Национально специфичные пословицы — это, во-первых, единицы, которые не имеют аналогов в других языках (уникальные на фоне других языков), отражающие национальную специфичность пословичного фонда данного языка как целостные знаки, а во-вторых, общие с другими языками пословицы, в составе которых есть компоненты, имеющие языковое и/или этнолингвокультурное своеобразие. Общие с другими языками пословицы, в составе которых указанные компоненты отсутствуют, можно определить как нейтральные единицы — не имеющие признаков национальной специфичности, характеризующих данную пословицу в плане её принадлежности к данному языку и/или отражения ею данной национальной культуры.

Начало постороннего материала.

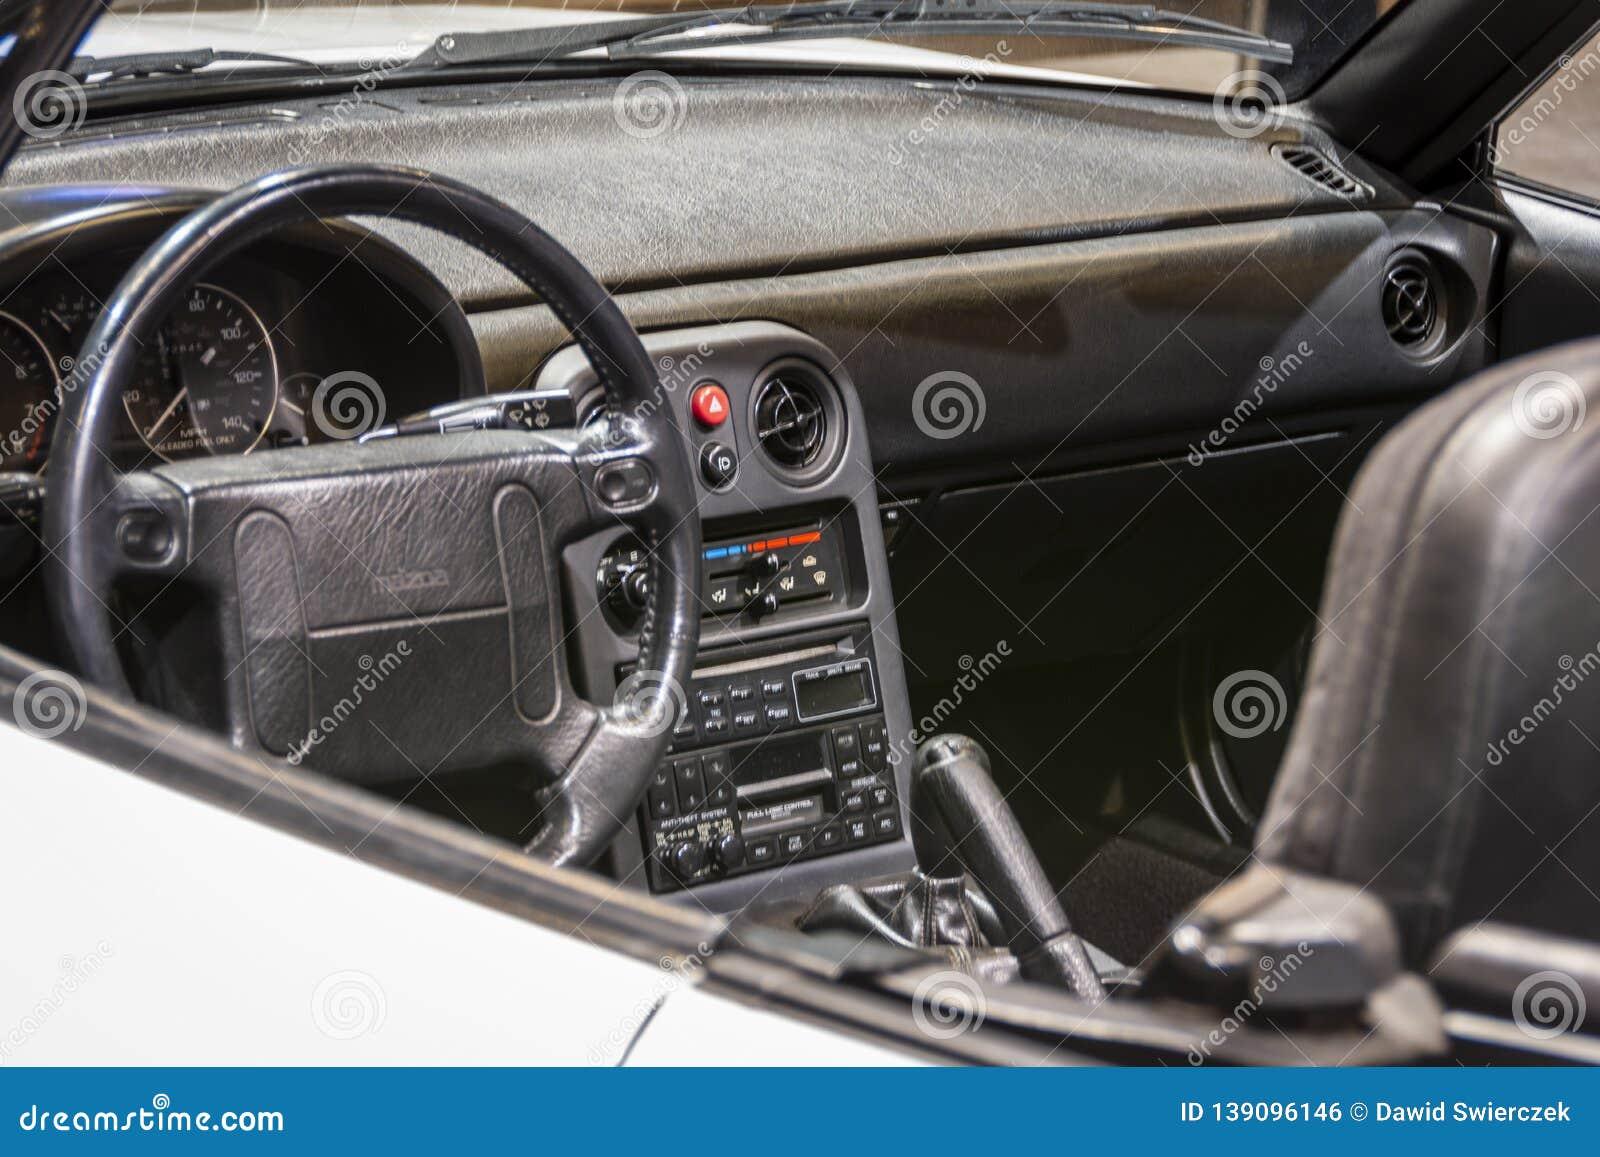 Mazda Miata 1990 a CAS19

Белорусская пословица Давярай, але / ды правярай [58. C. 151] (формальный вариант Давяраць — давярай, але і правярай [25. C. 275]) не является национально специфичной, так как не имеет ни собственно языковых, ни лингвокультурных характеристик, которыми бы выделялась (отличалась) на фоне аналогичных пословиц в других языках, ср.: = рус. Доверяй и / но проверяй [97. С. 284]; Доверять — доверяй, но проверяй = укр. Довіряй, але перевіряй [25. С. 53].
В свою очередь, белорусская пословица Дзвюм смярцям не бываць, <а> адной не мінаваць [58. С. 123] (формальный вариант Не бываюць дзве смерці, а раз трэба памерці [25. С. 278]) является национально специфичной в языковом плане, поскольку имеет такой формальный вариант (Не бываюць дзве смерці, а раз трэба памерці), который не встречается в пословичных аналогах других языков, ср.: = польск. Dwóch śmierci nie będzie, a przed jedną nie ucieczesz = рус. Двум смертям / двух смертей не бывать, а одной не миновать = укр. Двом смертям не бувати, а одної не минувати = aнгл. You can only die once (‘Можно умереть только один раз’) [67. C. 150] и т.д.
Национально специфичной является и белорусская пословица Язык Вільні / Кіева дапытае (формальный вариант Язык да Вільні / да Кіева давядзе) [25. С. 284], имеющая в своём составе национально-культурно маркированный компонент — слово-реалию Вільня, благодаря которому у неё формируется фоновая (национально-культурная) семантика (совокупность ассоциаций с древней столицей Великого княжества Литовского в XIV—XVIII вв. и центром белорусской культуры в XIX — в начале ХХ в.), что выделяет данную пословицу в ряду её иноязычных аналогов, ср.: = польск. Język i do Rzymu / Krakowa / Kijowa doprowadzi = рус. Язык до Киева доведёт = укр. Язик до Києва / і до Кия доведе = исп. Quien boca ha, a Roma va ‘Кто имеет язык, будет в Риме’ = ит. Chi lingua ha a Roma va ‘Кто имеет язык, будет в Риме’ = фр. Qui langue a, à Rome va ‘Кто имеет язык, будет в Риме’ [67. C. 303—304] и т.д.
Национально специфичные пословицы являются частью как уникальных, так и общих с другими языками единиц пословичного фонда данного языка. В зависимости от этого различаются способы определения (и, соответственно, характер детерминированности) национальной специфичности пословицы.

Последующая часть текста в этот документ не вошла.